Asia shares up as sentiments boosted by Fed minutes, US jobs

Asia shares up as sentiments boosted by Fed minutes, US jobs

TOKYO Asian shares are generally higher following a rally in Wall Street. Investors analyzed minutes from the Federal Reserve’s most recent meeting of policymakers, and welcomed encouraging data about U.S. job growth.

Beware of your fears ChinaRegional sentiment was affected by the economic slowdown.

Japan’s benchmark Nikkei225 rose 0.9% to 25,943.93 in morning trading. The S&P/ASX 200 in Australia climbed 0.1% to 7,068.60 South Korea’s Kospi grew 0.6% to 2,268.29. Hong Kong’s Hang Seng rose 2.3% to 21,274.44, while Shanghai Composite gained 0.6% at 3,143.63

Yeap Jun Rong, a market analyst with IG, stated in a report that “despite the positive close on Wall Street, the fade in earlier gains and muted movements in the U.S. Equity futures this morning are driving more measured upside at the Asia session.”

On Thursday, the government will release its weekly unemployment rate and its closely-watched monthly employment report for December. Inflationary pressures are supported by further Federal Reserve interest rate increases if there are strong jobs numbers.

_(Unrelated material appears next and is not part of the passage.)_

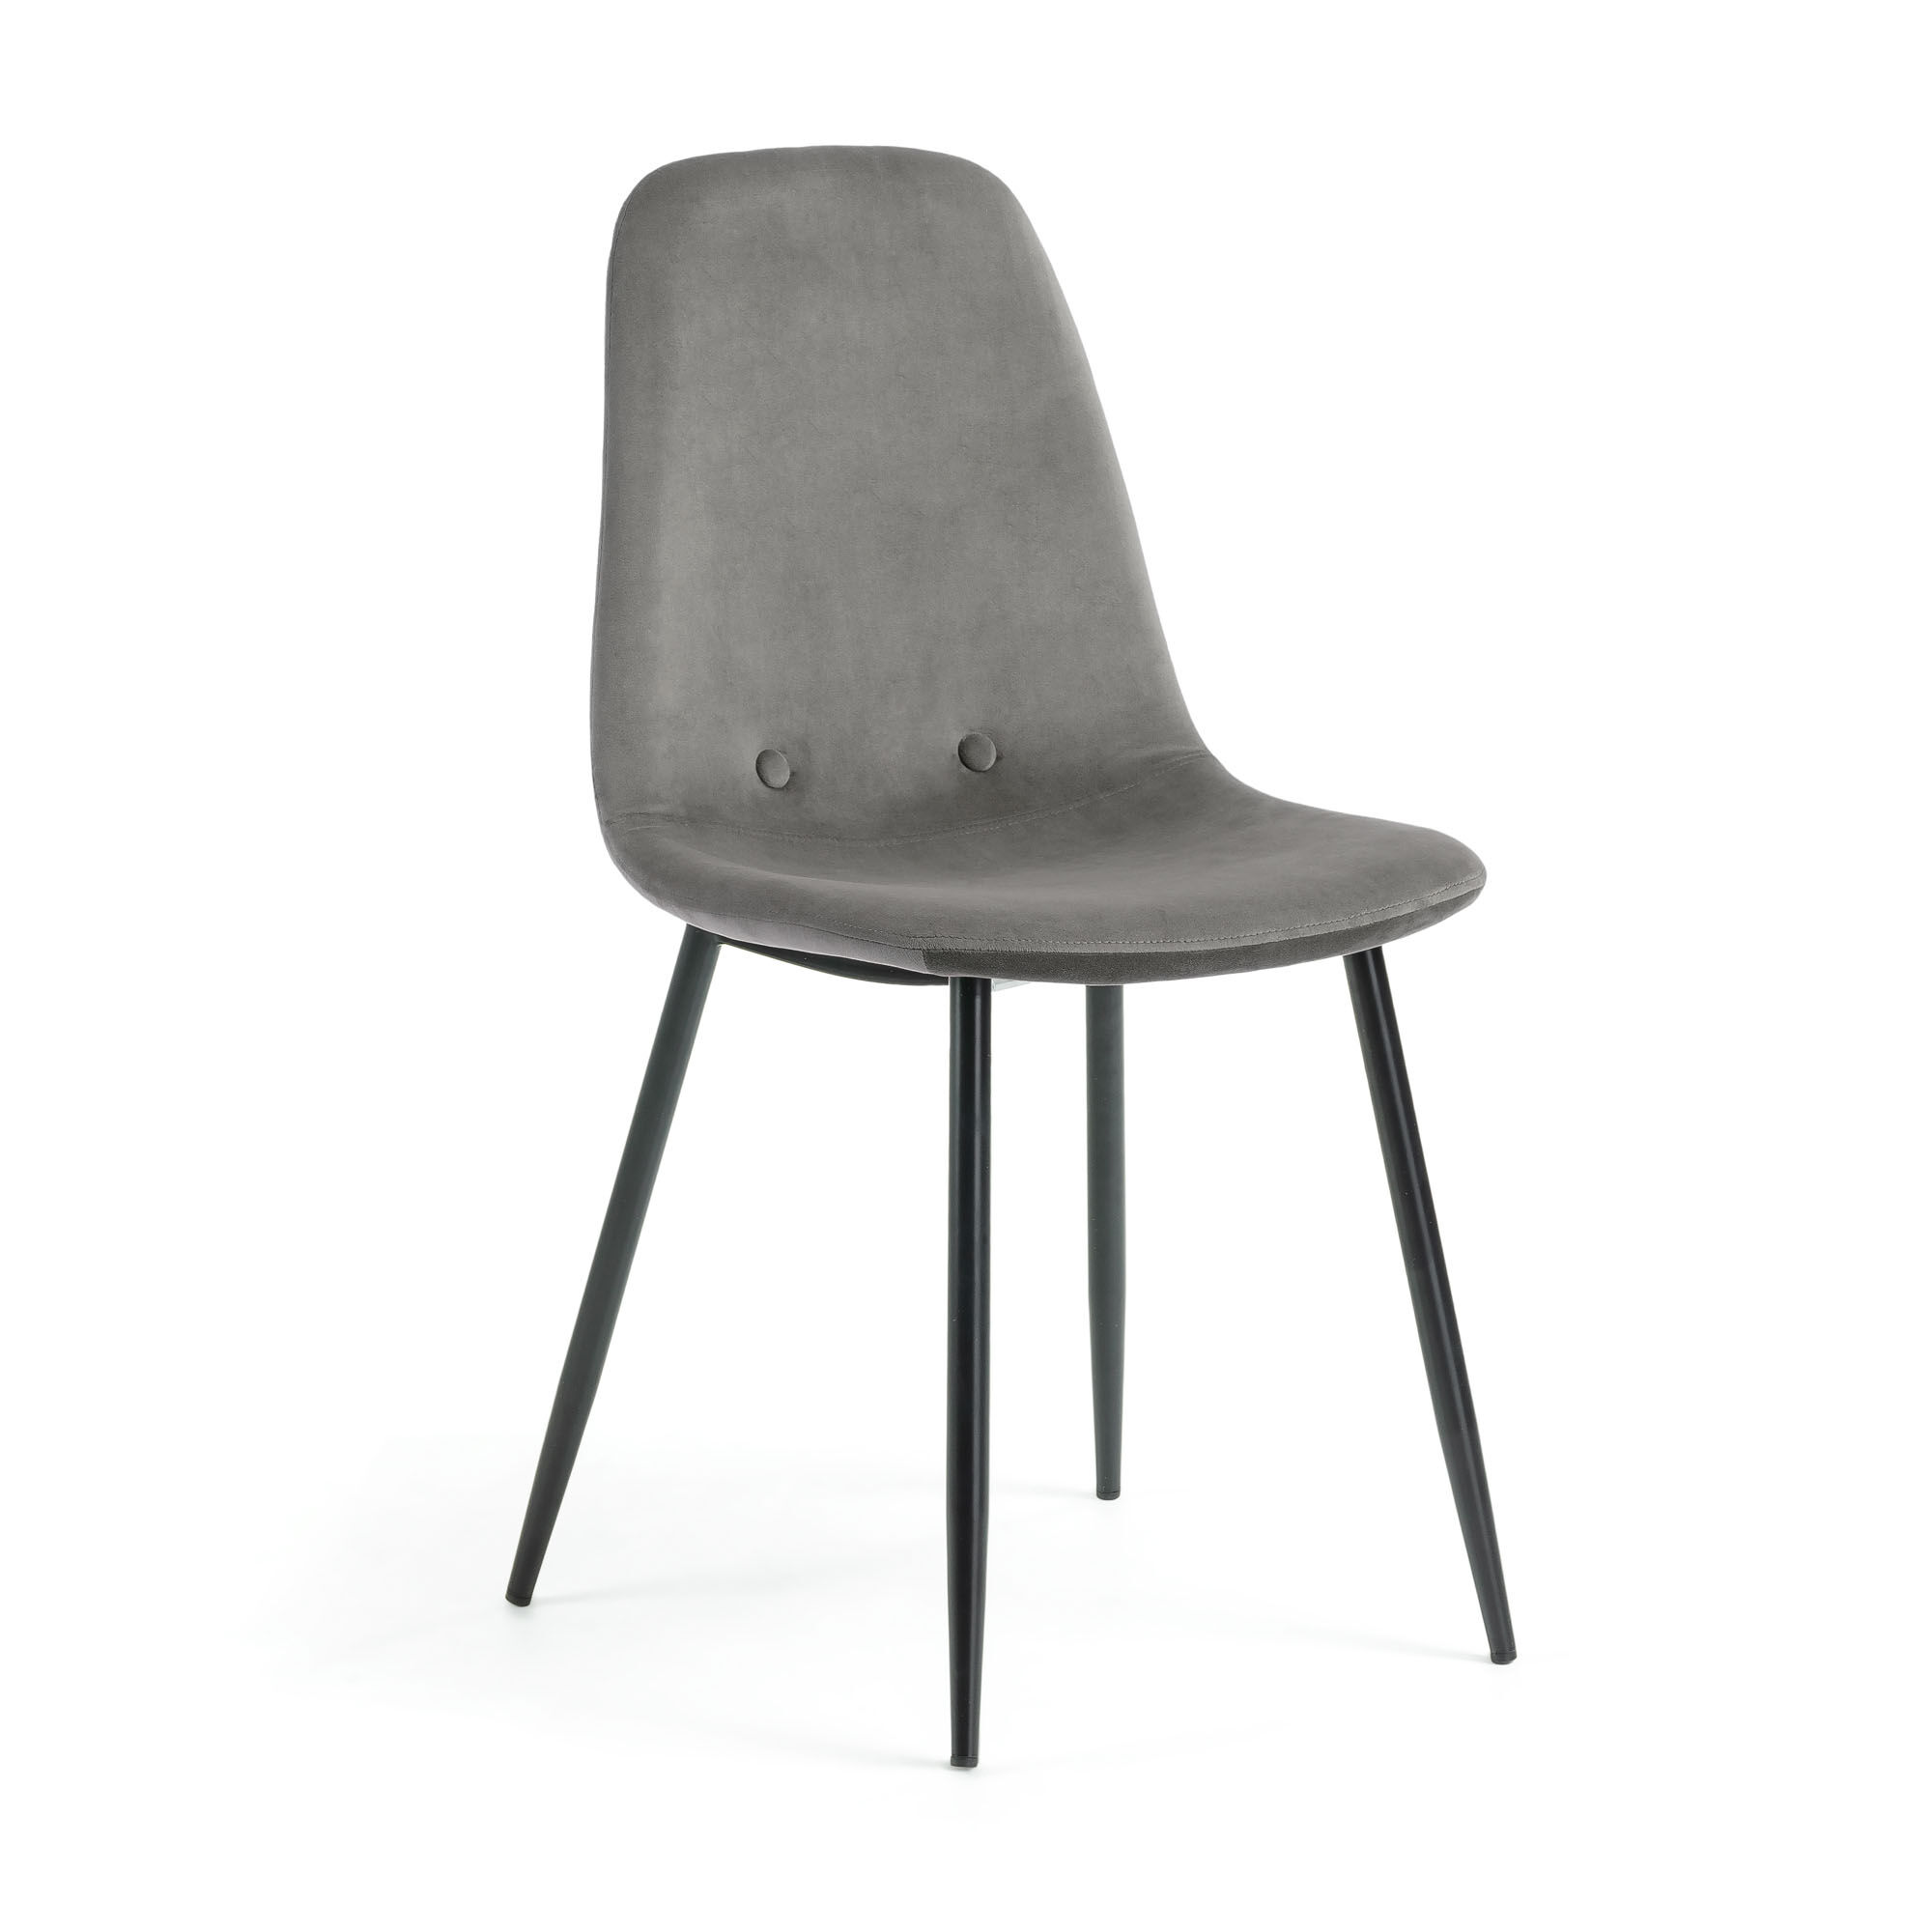 Kave Home Yaren grey velvet chair with steel legs with black finish

The widespread COVID-19 cases in China have added to the gloom about China’s property sector slump and the effects of pandemic restrictions that were only recently relaxed as the virus became more widespread in the worst national outbreak yet.

Robert Carnell, ING’s regional head for research Asia-Pacific, stated that December retail sales should be lower than the previous month. He suggested that demand could rebound during the Lunar New Year later on in the month.

“After the long holiday there could be more daily COVID cases and then another quiet months for retail. Retailers may not have an easy road to recovery,” he stated.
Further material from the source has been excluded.